31.7.06
Bollywood no Raj Mandir
A experiência de ir ver um filme de Bollywood na Índia começa pela sala de cinema em si. Ainda existem aquelas salas antigas, enormes. Autênticos templos do cinema, que concedem ao filme em exibição uma aura de importância. Segundo o guia "Lonely Planet", o Raj Mandir, em Jaipur, é o mais magnífico de todos, "assemelhando-se a um gigante bolo cremoso, com um 'foyer' algures entre um templo e a Dysneilândia".
Havia quatro castas de bilhetes: "Diamond" (77 rupias), "Emerald" (52), "Ruby" (32) e "Pearl" (20). Comprei o mais caro (pouco mais do que um euro), localizado numa espécie de segundo balcão. O cinema, com capacidade para 2000 pessoas, estava quase cheio e o arrumador indicou-me um lugar ao lado de uma mulher. Sentei-me e ficou perturbada, falando em hindi com ele e dizendo-me em inglês que aquele era o seu lugar. Reparei, depois, que as pessoas se sentavam por forma a não haver nenhuma mulher que ficasse ao lado de estranhos.
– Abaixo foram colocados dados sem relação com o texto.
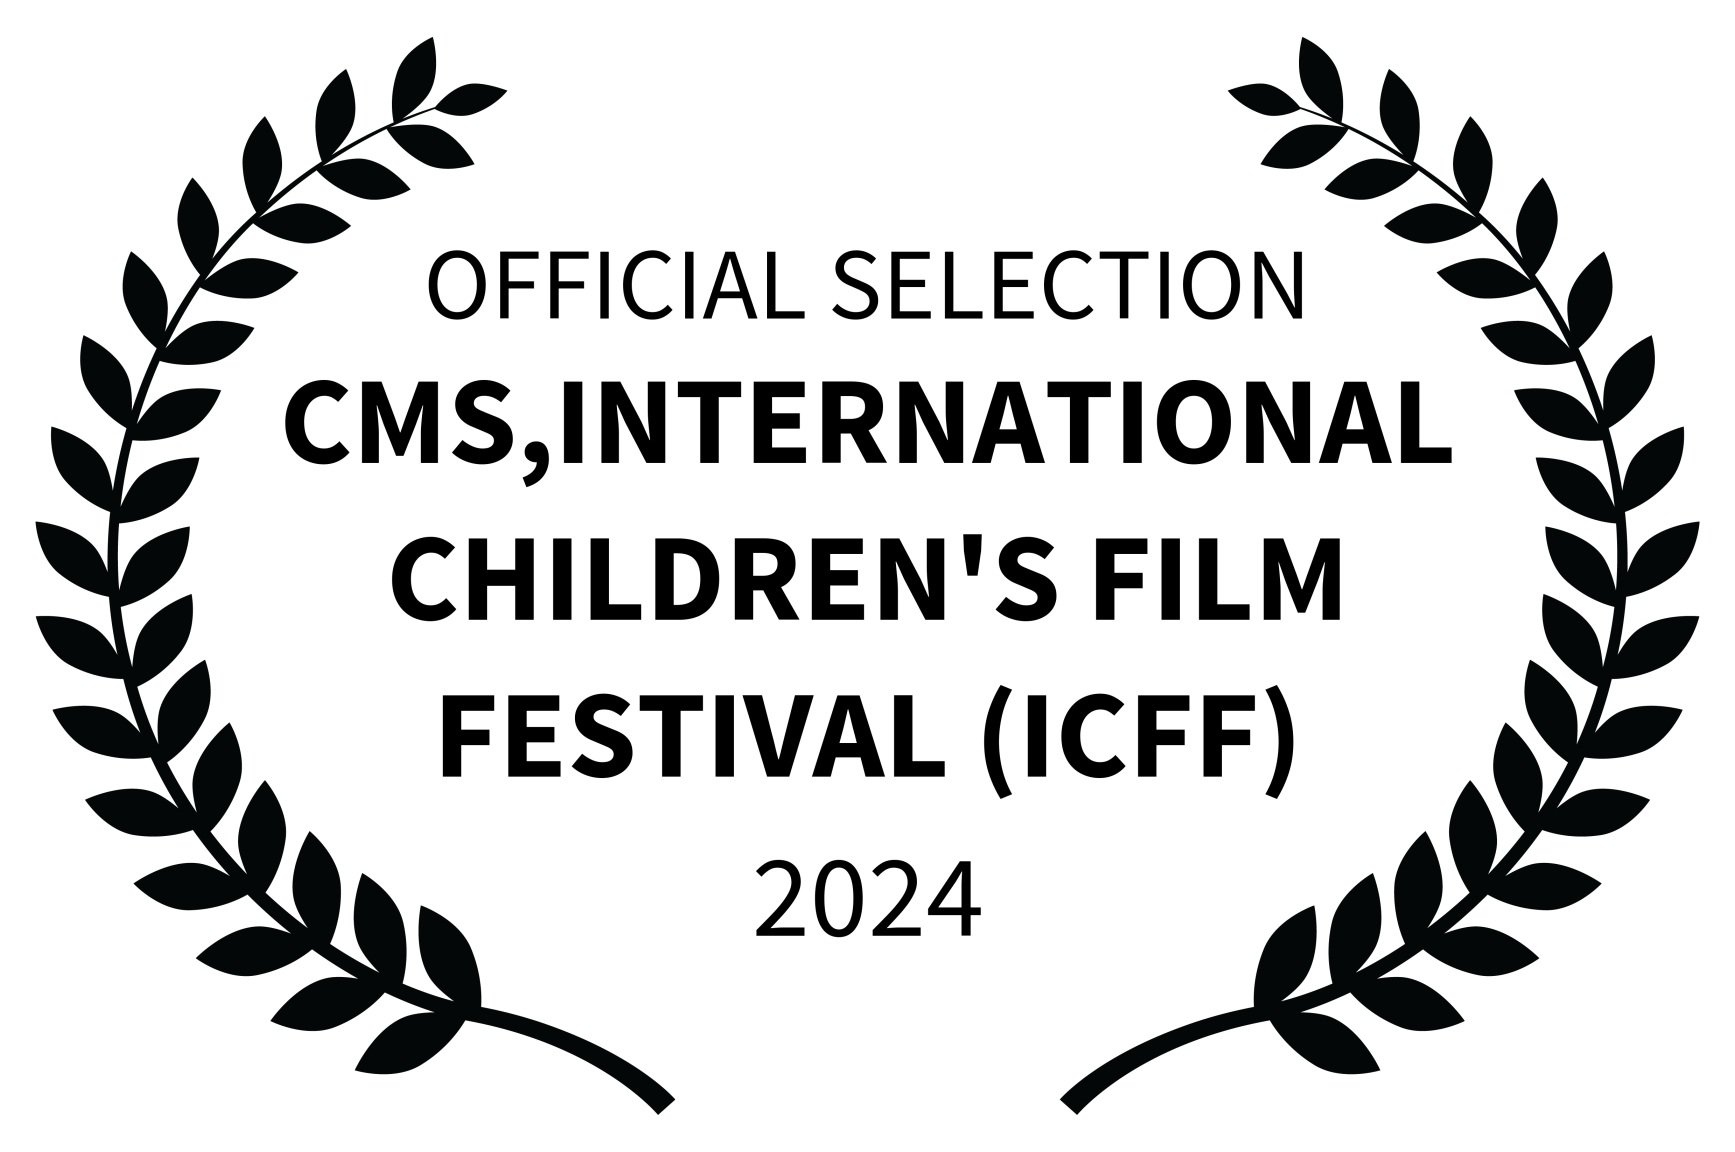 OFFICIAL+SELECTION+-+CMSINTERNATIONAL+CHILDRENS+FILM+FESTIVAL+ICFF+-+2024.jpg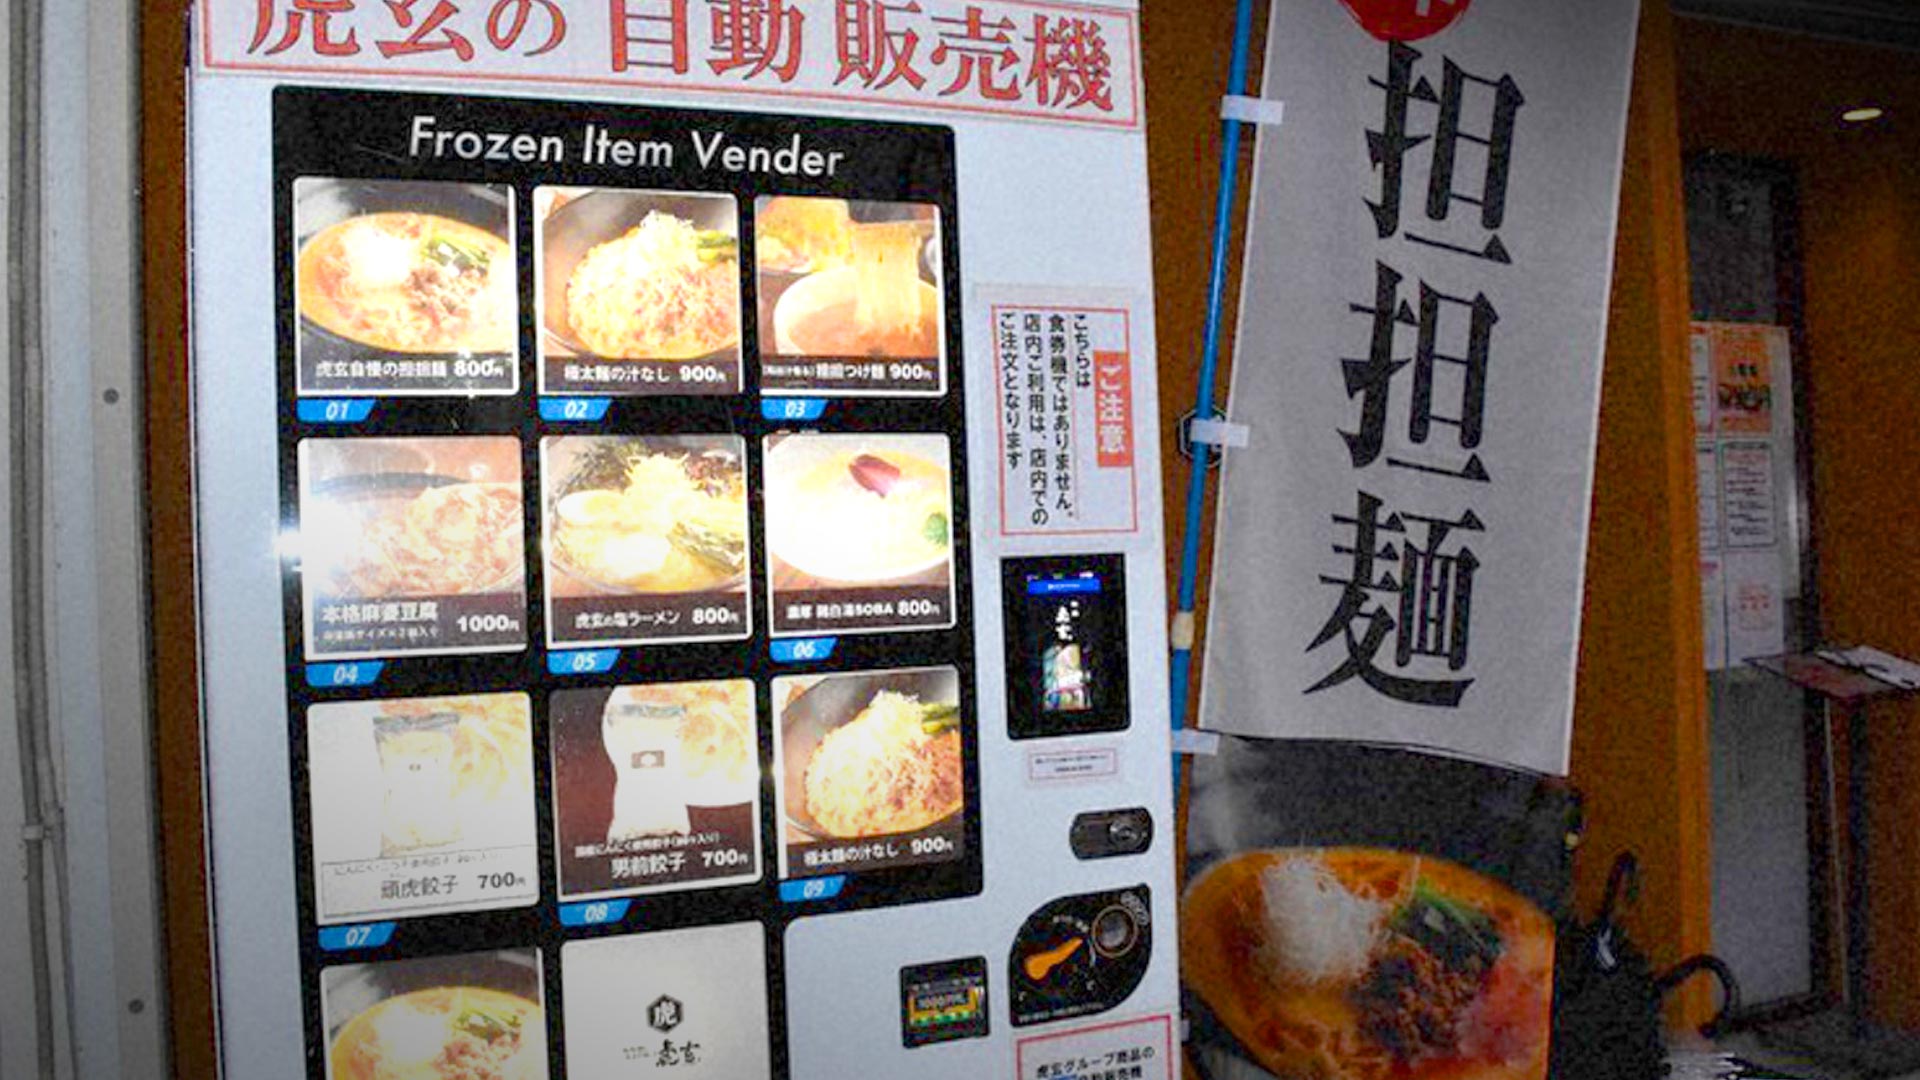 vending machine makanan beku

Imaginemos uma família composta por um casal e dois filhos: o pai ficaria numa ponta, a mãe e a irmã no meio e o irmão sentar-se-ia na outra ponta, por forma a proteger as donzelas de qualquer interferência exterior. O arrumador descortinou outro lugar, ao lado de dois jovens estudantes de contabilidade, que logo meteram conversa:
- Percebes o hindi?
- Não, apenas gosto de ver as imagens.
O episódio da mulher que achava intrusivo que um estranho se sentasse ao seu lado é sintomático. A Índia é um país de casamentos arranjados, onde o contacto entre rapazes e raparigas é reprimido. Por isso, nos arraiais de rua, os adolescentes dançam uns com os outros e fazem saltos acrobáticos ao som de música hindi-techno. Elas assistem a uma distância segura. Por isso, os filmes de Bollywood são uma fantasia cheia de insinuações sexuais e comportamentos que não são permitidos na realidade. As actrizes são beldades que usam uma indumentária muito reduzida.
O filme (um grande sucesso intitulado "Dhoom") compreendia-se sem perceber a língua. Era básico, mas animado e tecnicamente bem feito. A historia de um gang de motoqueiros e do policia que os persegue e, claro, prende no fim. As cenas de acção são totalmente inverosímeis e surgem entre episódios musicais. É ai que irrompem as beldades, para gáudio da multidão, que aplaude e exorta. Dançam para os protagonistas nas mais diversas situações: numa praia, sob uma chuva torrencial que faz os biquínis ficarem transparentes; na rua; em volta da cama marital... A popularidade destes filmes deve-se, creio eu, a esse exibicionismo feminino. Os homens (a grande maioria da audiência) vêem ali o que dificilmente vêem noutro lado. Depois há a festa, a musica, as cenas de porrada delirantes.
Um aspecto curioso é que, volta e meia, os actores falam inglês. No meio da algaraviada hindi, percebo um nítido "I love you" ("amo-te") ou a pergunta "are you having fun?" ("estás a divertir-te?"), entre muitas outras expressões anglófonas. Segundo os estudantes, "é uma moda". Falar em inglês e vestir roupas ocidentais é visto como algo de estiloso pelos jovens mais urbanos.
Os filmes são geralmente longos, portanto subsiste o velhinho intervalo que já caiu em desuso em Portugal. No intervalo vai-se ao “foyer” socializar. Para os bilhetes mais caros há um bar exclusivo, situado numa sala alcatifada e com aspecto confortável. Há quadros bonitos nas paredes e os empregados usam "papillon". As conversas ali iniciadas podem continuar no decorrer do filme. Na Índia não existem avisos para que se desliguem os telemóveis a partir do início da sessão. As pessoas atendem chamadas com toda a naturalidade, aplaudem, comentam alto cenas do filme, dialogam.